Several studies have shown that during the first few years following burning, labile nitrogen in soil was higher on burned than on unburned sections of the forest (Certini 2005; James et al. 2018). Ammonium and nitrates, the main sources of nitrogen for plants, often increase after fire because ammonium is released from organic matter due to heating, and the nitrification process is often stimulated (Wan et al. 2001). Biological processes are responsible for the release of nitrogen confined in unburned soils and litter. Hart et al. (2005) observed that surviving fungi in the soil after fire become functionally more diverse, and certain nitrifying bacteria increase 10 times more than levels in unburned forests, thereby increasing soil nitrate levels.
Soil acidity contributes to nutrient deficiencies or to toxic conditions that could retard tree growth. For example, the toxicity of aluminum (Al) associated with acid soils is one of the common and severest problems of tropical soils (Rout et al. 2001). This suggests that Al toxicity increases with soil acidity, and high Al levels negatively affect the bacteria involved in the N cycle (Rout et al. 2001; Pietri and Brookes 2008). However, following a fire, ash is deposited on the forest floor and pH increases, thereby decreasing soil acidity (Kim et al. 2011; Nabatte and Nyombi 2013; Xue et al. 2014) and preventing Al toxicity and other problems associated with acid soils. The increase in soil pH (a liming effect), has a positive impact on the biological recovery of soils after fire (Pietri and Bookes 2008), and has been attributed to the accumulation of hydroxides of K and Na, and oxides and carbonates of Mg and Ca (Sanchez 2019). Furthermore, ash contains large quantities of essential micronutrients which enhance plant growth and contribute to forest productivity (Arocena and Opio 2003; Neff et al. 2005).

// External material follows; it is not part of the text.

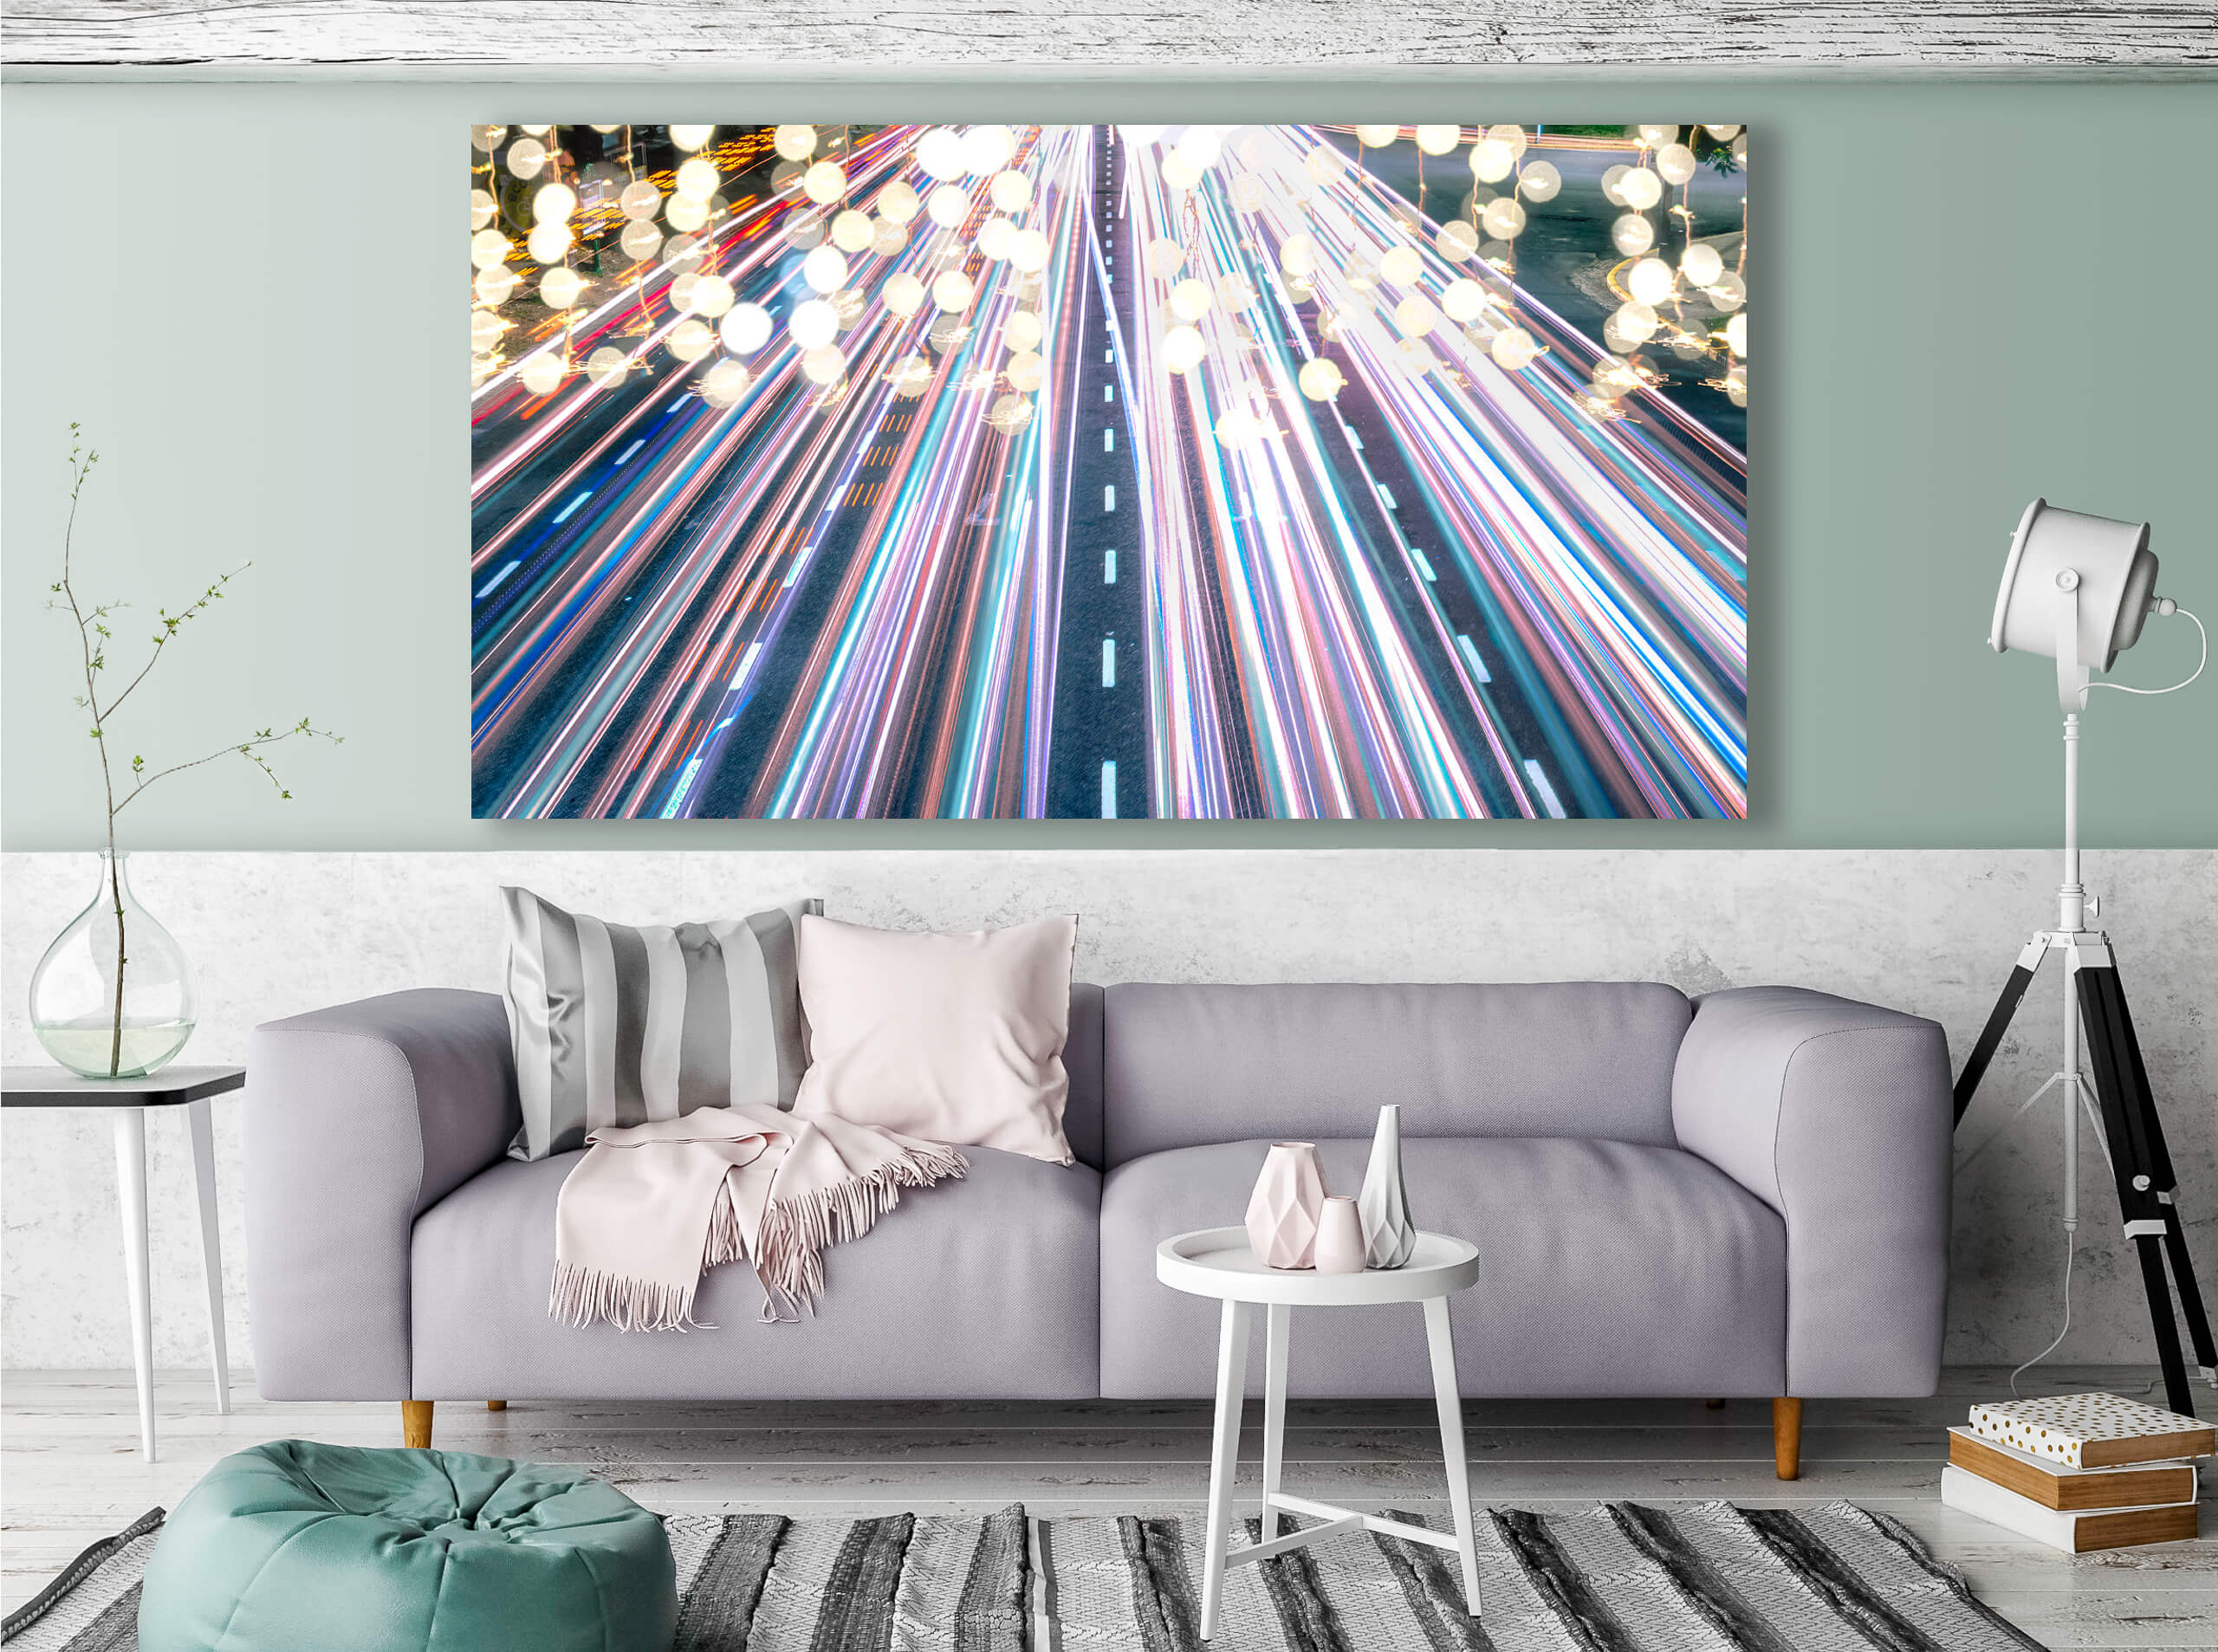 A photoboard image above a couch
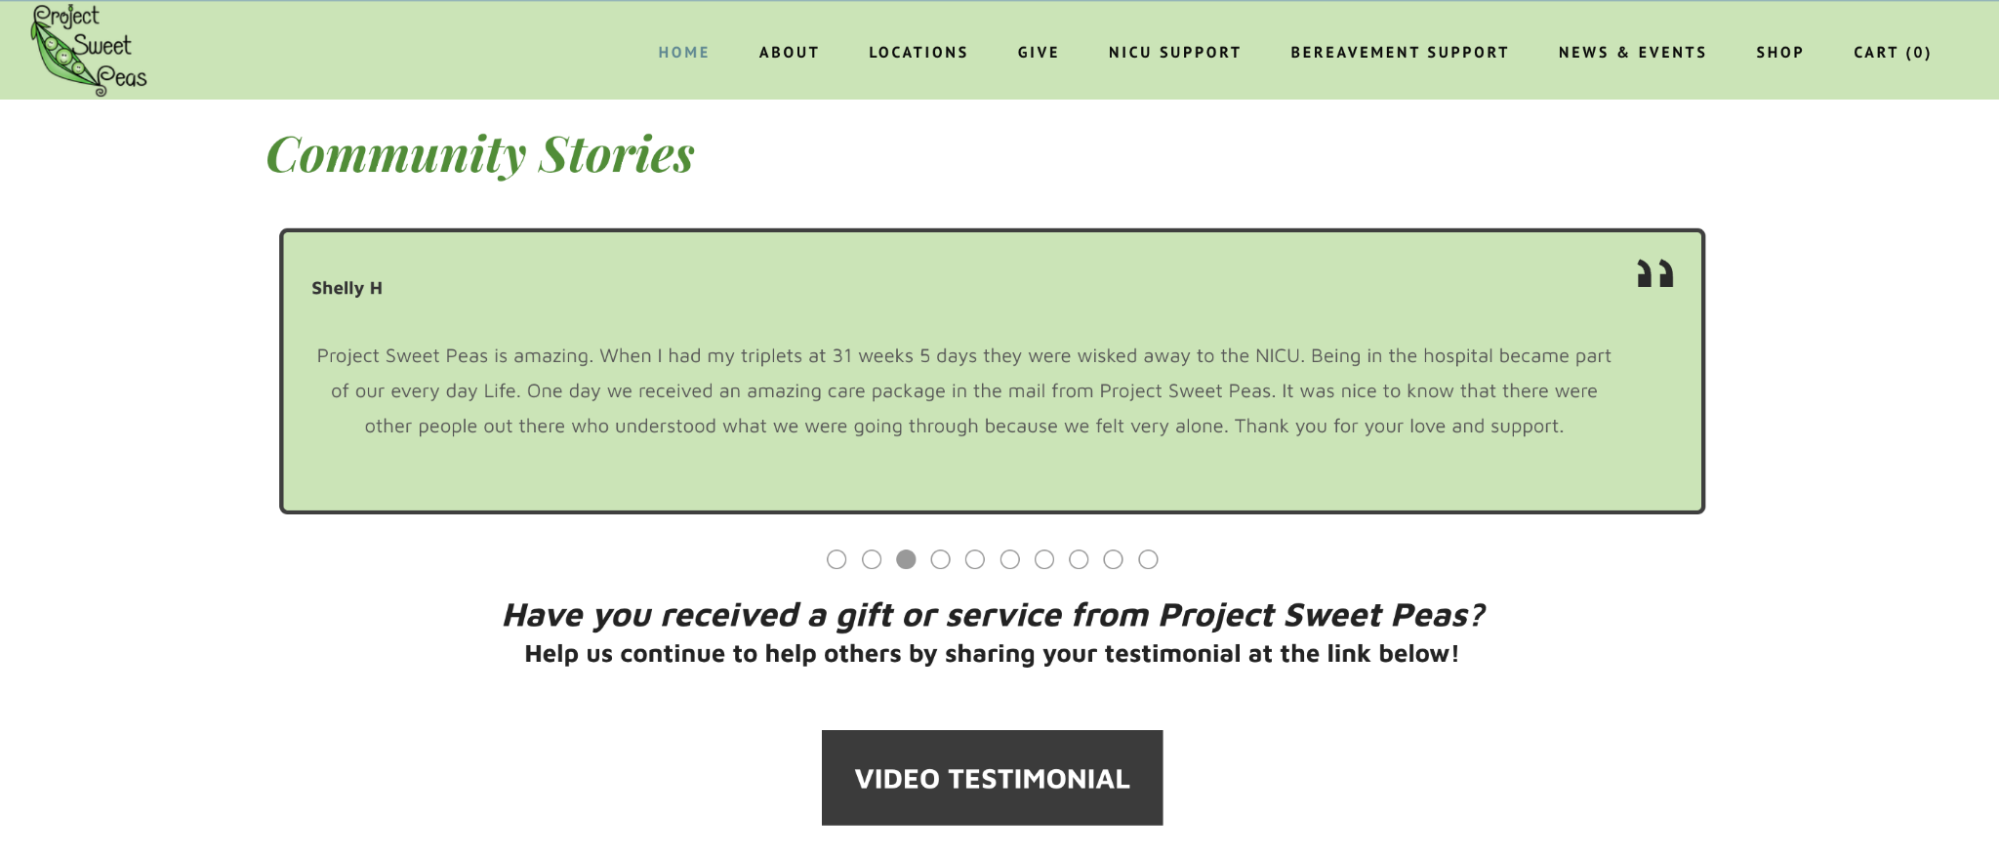 Project Sweet Peas beneficiary testimonial

Although fire may have a positive influence on the soil, divergent conclusions have been reported (Neff et al. 2005; Verma and Jayakumar 2012; Heydari et al. 2015), suggesting that the question of how fire affects soils and plant growth has not been answered. Fire has decreased soil nutrients through volatilization (Zhao et al. 2015). Inbar et al. (2014) reported a significant decrease of organic matter in the soil following a severe fire, which adversely affected chemical, physical and microbiological properties (Antoine et al. 2013; Zhao et al. 2015). Decreases in soil organic N and C have also been observed after fire (Murphy et al. 2006). Depending on the intensity of fire, soil organic C may increase or decrease (Neff et al. 2005). Increase in bulk density has been reported with a decrease in soil moisture following a fire (Yildiz et al. 2010; Xue et al. 2014). The collapse of organo-mineral aggregates and clogging of soil pores by ash or free clay minerals have been implicated in the increase of bulk density after fire (Alcañiz et al. 2018). This implies a decrease in the water holding capacity and consequently accelerating runoff and surface erosion (Martin and Moody 2001) which adversely affects growth.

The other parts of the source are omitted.